----- Stored data -----

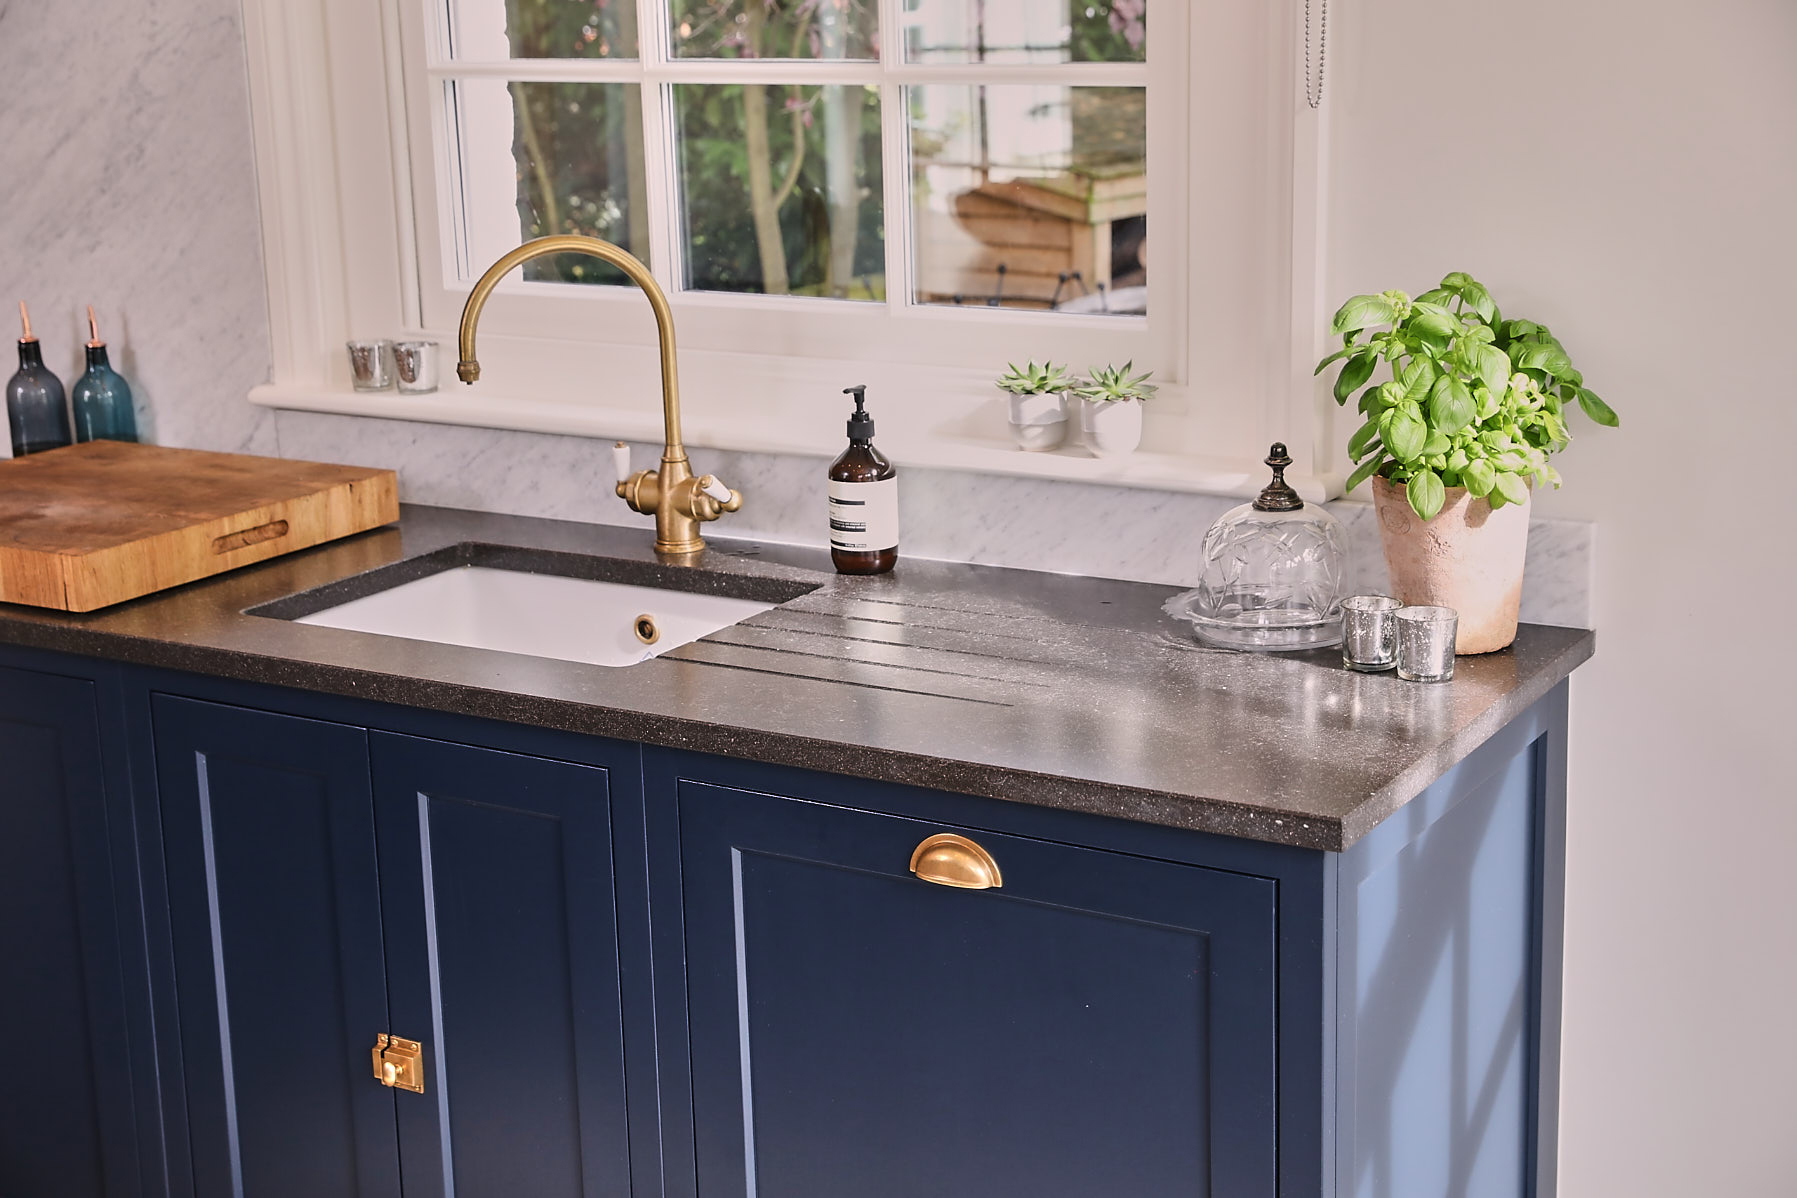 Integrated dishwasher with painted blue in-frame cabinets with antique copper cup handle
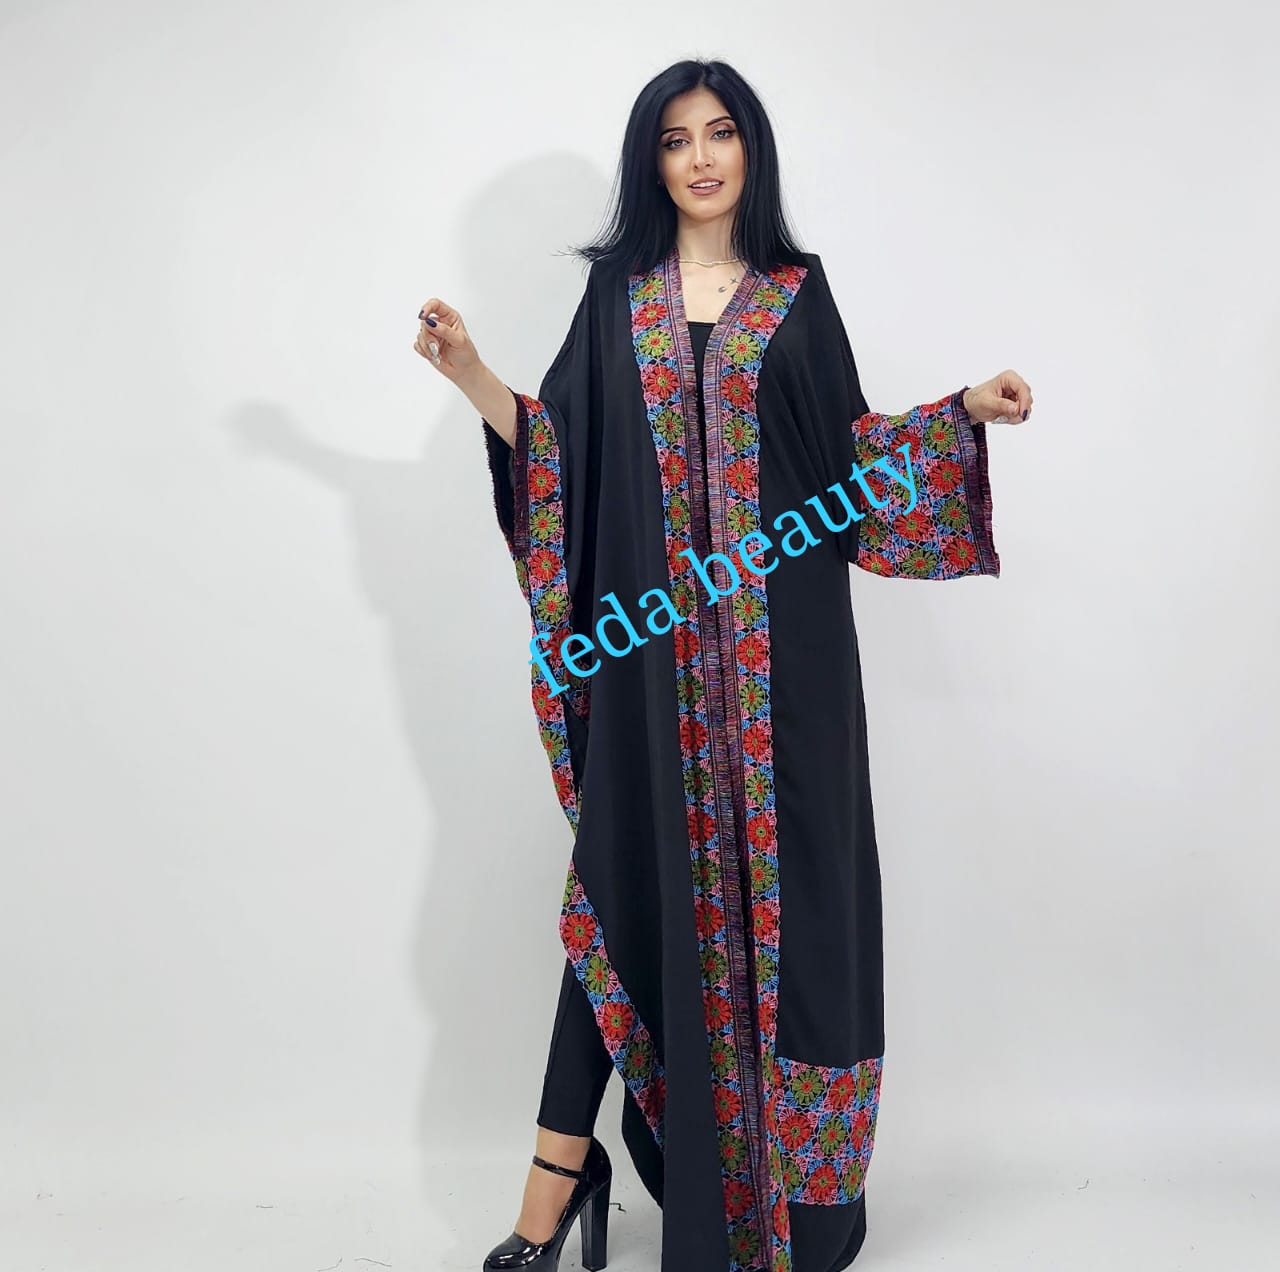 Abaya, styled oriental cardigan, with a new and elegant collection from Feda Beauty's private collection for the year 2023
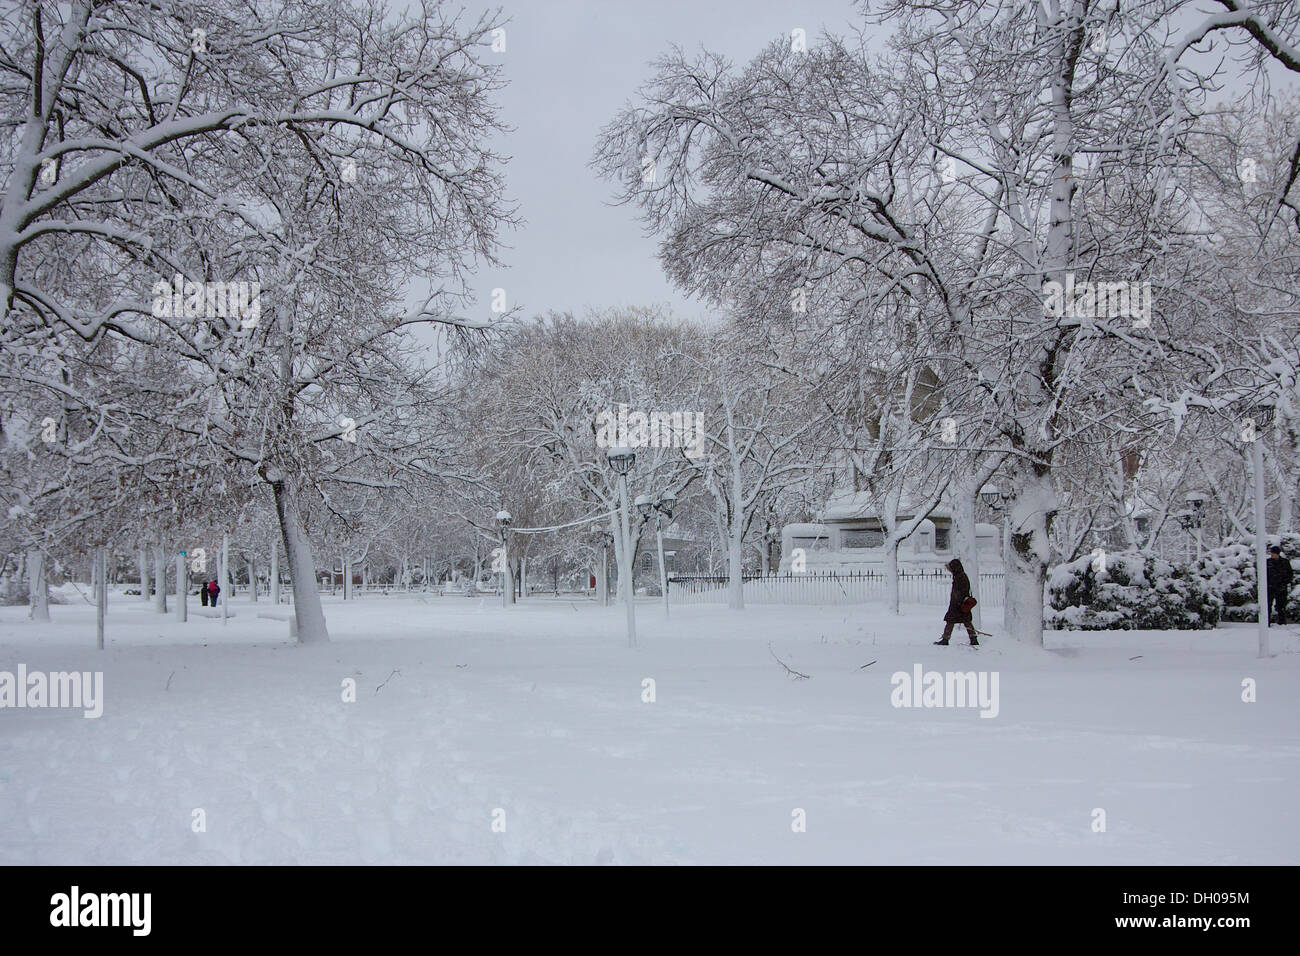 Cambridge Common park near Harvard University campus in Cambridge, MA, USA covered in snow after a blizzard. Stock Photo

-----

_Problem to work on_
Beginning with the line that contains "Abaya, styled oriental" and ending with the final line of the material, reproduce those lines exactly and nothing else. Omit the pictures.

_Solution for this task_
 Abaya, styled oriental cardigan, with a new and elegant collection from Feda Beauty's private collection for the year 2023
 Cambridge Common park near Harvard University campus in Cambridge, MA, USA covered in snow after a blizzard. Stock Photo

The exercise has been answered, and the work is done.